Em Novo Lino, a Loteria Municipal foi instituída pela Lei nº 380/2025, com concessões de até 20 anos e alíquota de 5% sobre a receita bruta.
Em Inhapi, a Lei nº 244/2025 autoriza concessões de 25 anos e determina auditorias periódicas pela Controladoria-Geral. Em Olho d’Água do Casado, um decreto de 2025 consolidou a operação da loteria, criando comitê gestor e regulamentando modalidades como raspadinhas e jogos instantâneos.
BASE LEGAL CONTESTADA
Embora a expansão esteja em ritmo acelerado, o ambiente jurídico é marcado por divergências. Em 2020, o Supremo Tribunal Federal decidiu que a União não detém exclusividade na exploração de loterias, permitindo que estados operem seus próprios serviços. Municípios passaram a interpretar que, na ausência de proibição expressa, a autonomia municipal lhes daria base para criar loterias locais.
Esse entendimento, porém, conflita com a posição do governo federal. Para a Secretaria de Prêmios e Apostas (SPA), do Ministério da Fazenda, a prática é irregular porque a Lei 14.790/2023 — que regulamenta apostas de quota fixa — autoriza apenas União, estados e Distrito Federal a explorarem esse setor. Não citar os municípios, segundo o governo, significaria exclusão da competência.
Entretanto, para o presidente da Associação Nacional das Loterias Municipais e Estaduais (Analome), Romero Roma, o STF foi claro: a União tem competência para legislar sobre o tema, mas não tem exclusividade para explorar esse serviço público. Ou seja, estados (e, por consequência lógica, os municípios) têm o direito de operar suas próprias loterias, desde que respeitem a legislação federal vigente.

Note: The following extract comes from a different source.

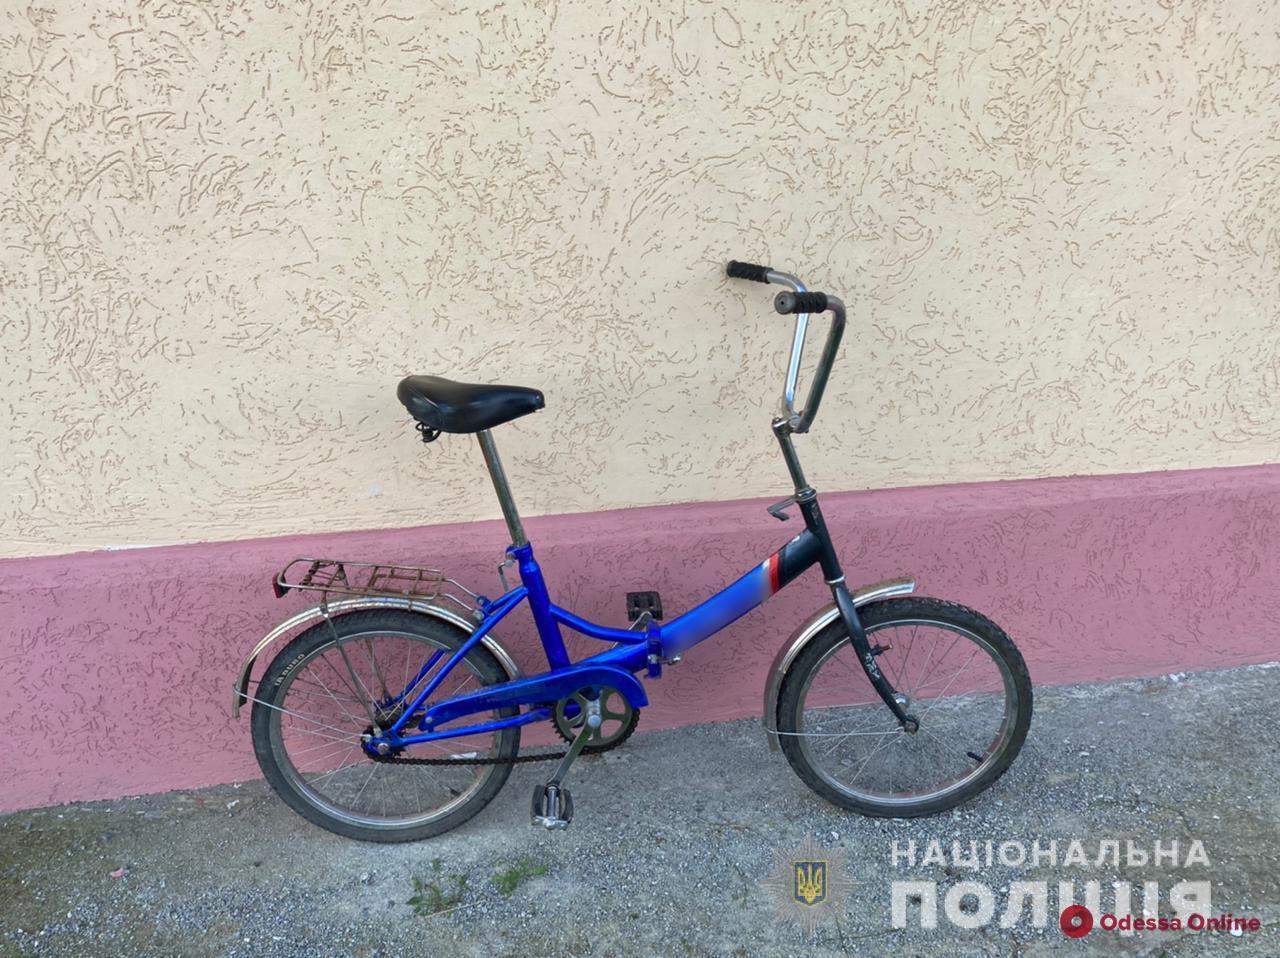 Рецидивист из Одесской области попался на краже детского велосипеда. Его будут судить в седьмой раз

Ele afirma que a manutenção das loterias municipais, além de gerar recursos extras para as prefeituras, representaria um incremento de R$ 11,6 bilhões ao ano à União em termos tributários.
“Negar esse direito agora aos municípios é não só incoerente com o entendimento do próprio STF, como também um retrocesso para o federalismo e para a administração pública eficiente”, afirma.
A controvérsia chegou ao STF por meio de uma Arguição de Descumprimento de Preceito Fundamental (ADPF) proposta pelo partido Solidariedade, que pede a suspensão imediata das leis municipais e argumenta que a proliferação de loterias locais cria um “cenário caótico”, dificulta a fiscalização e reduz a proteção aos consumidores, já que normas municipais não seguem as exigências mais rigorosas impostas pelo governo federal — como a outorga de R$ 30 milhões prevista para empresas de apostas nacionais.
O julgamento da ADPF 1212 será decisivo para definir o futuro das loterias municipais. Enquanto a decisão não chega, municípios alagoanos seguem implementando seus sistemas e apostando que a jurisprudência atual do STF, embora não definitiva, lhes assegura espaço para explorar o serviço.